DATA START

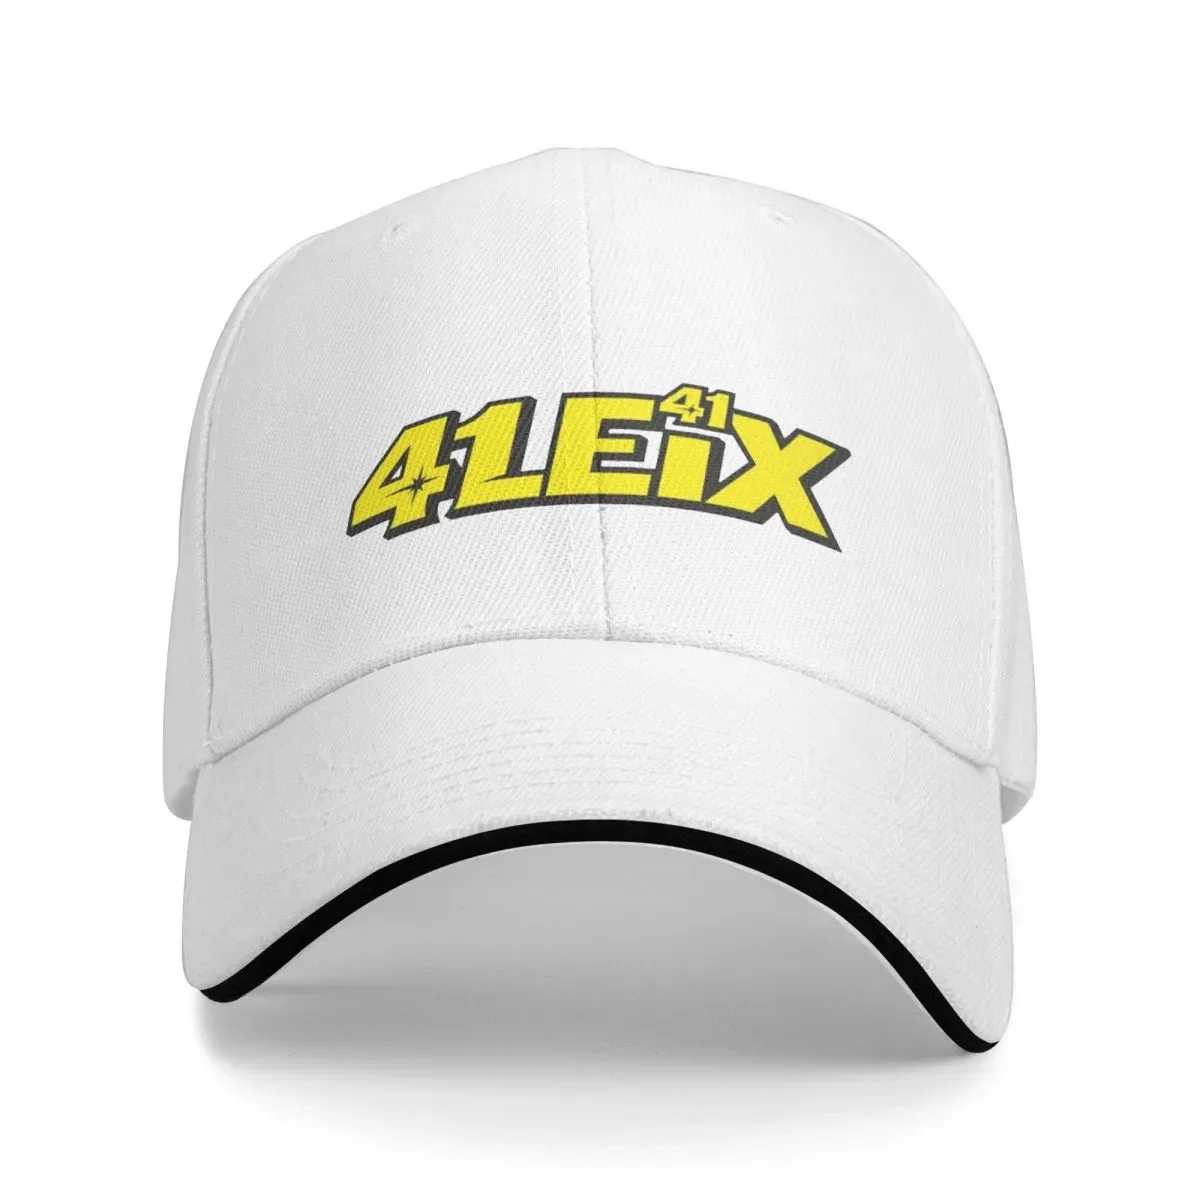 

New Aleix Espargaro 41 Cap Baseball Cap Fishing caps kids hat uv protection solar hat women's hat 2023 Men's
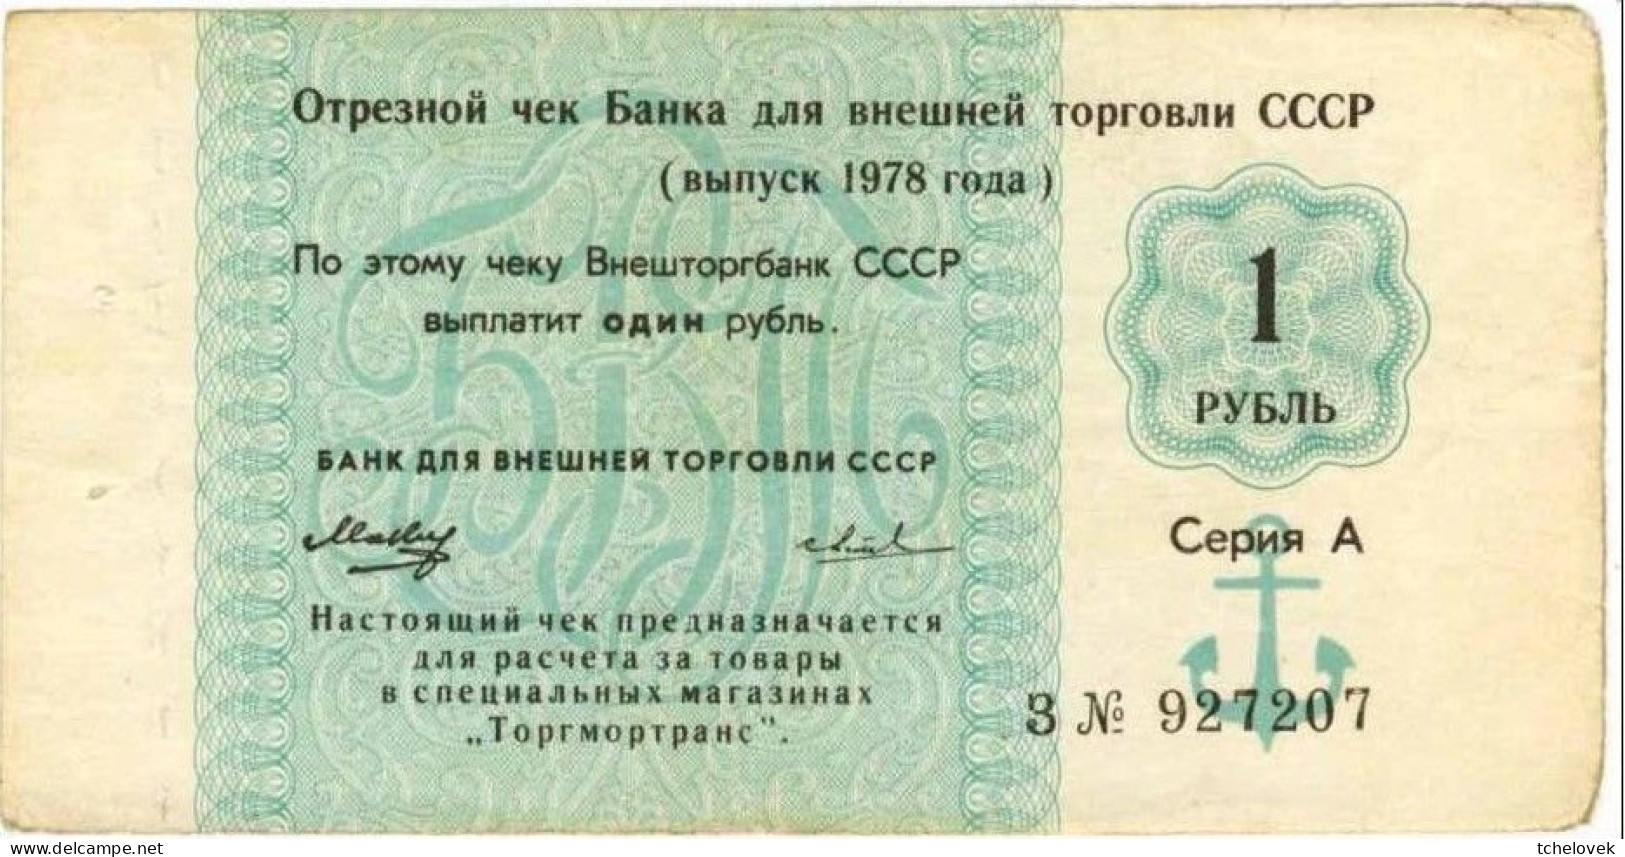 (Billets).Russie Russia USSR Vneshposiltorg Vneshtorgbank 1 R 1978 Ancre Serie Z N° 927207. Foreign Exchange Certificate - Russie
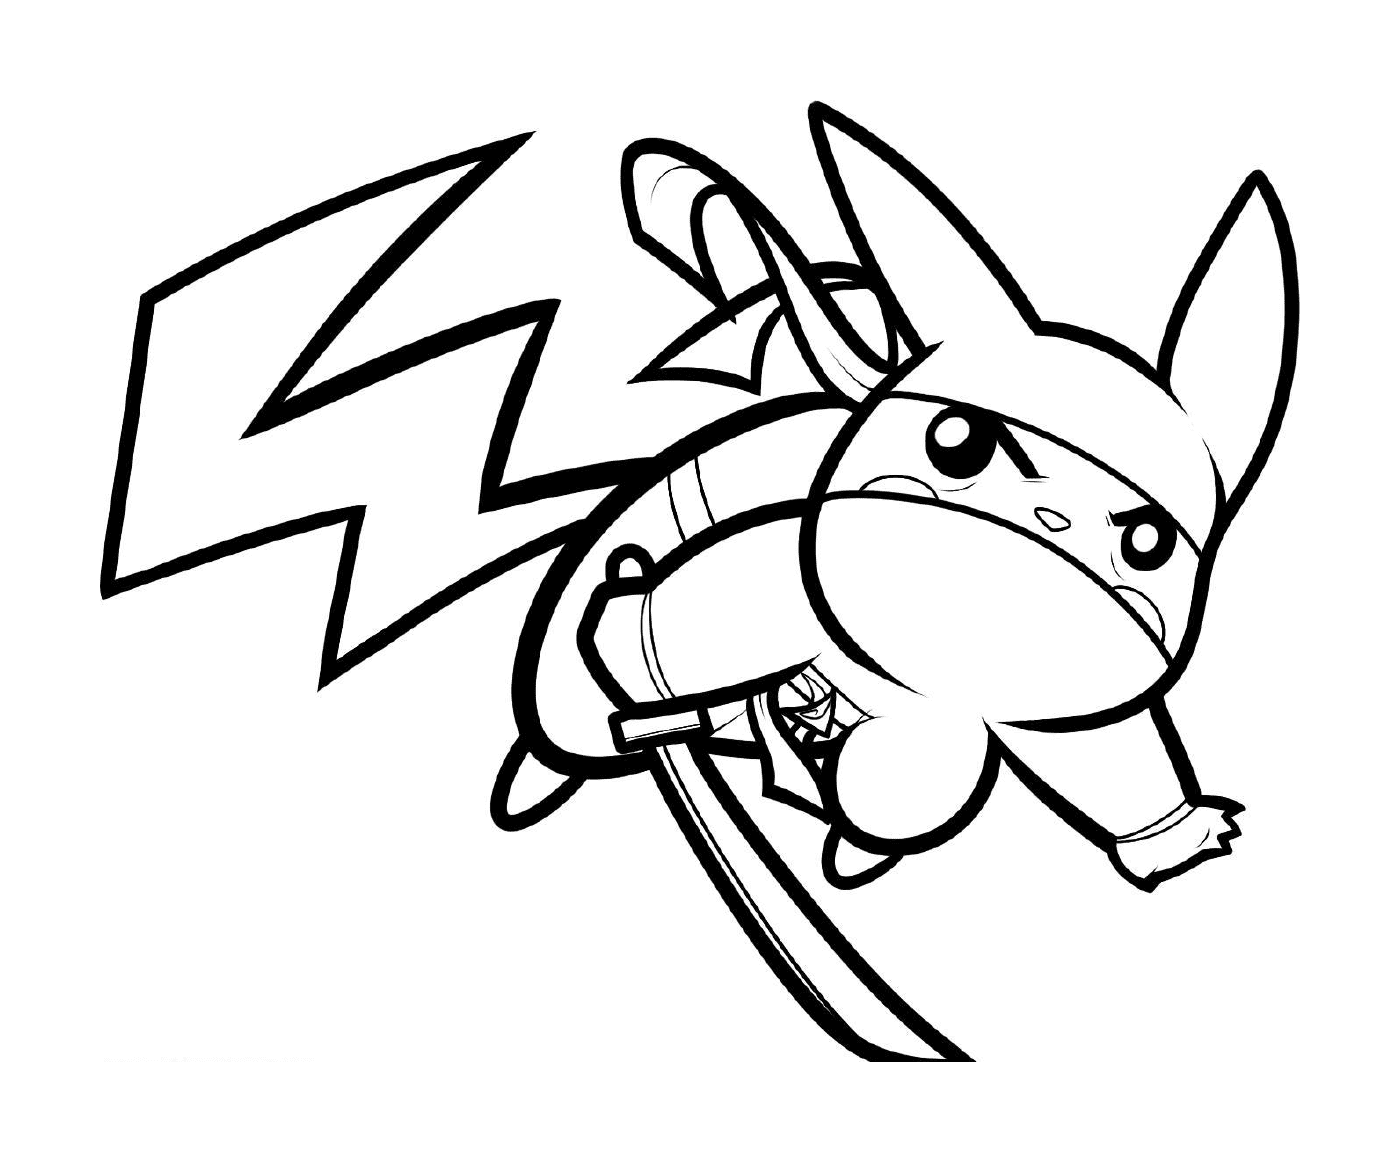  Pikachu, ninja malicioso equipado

DATA END

--- ASSIGNMENT ---
Output the listing above exactly, pictures omitted.

--- OUTPUT FOR THIS EXERCISE ---
New Aleix Espargaro 41 Cap Baseball Cap Fishing caps kids hat uv protection solar hat women's hat 2023 Men's
 (Billets).Russie Russia USSR Vneshposiltorg Vneshtorgbank 1 R 1978 Ancre Serie Z N° 927207. Foreign Exchange Certificate - Russie
  Pikachu, ninja malicioso equipado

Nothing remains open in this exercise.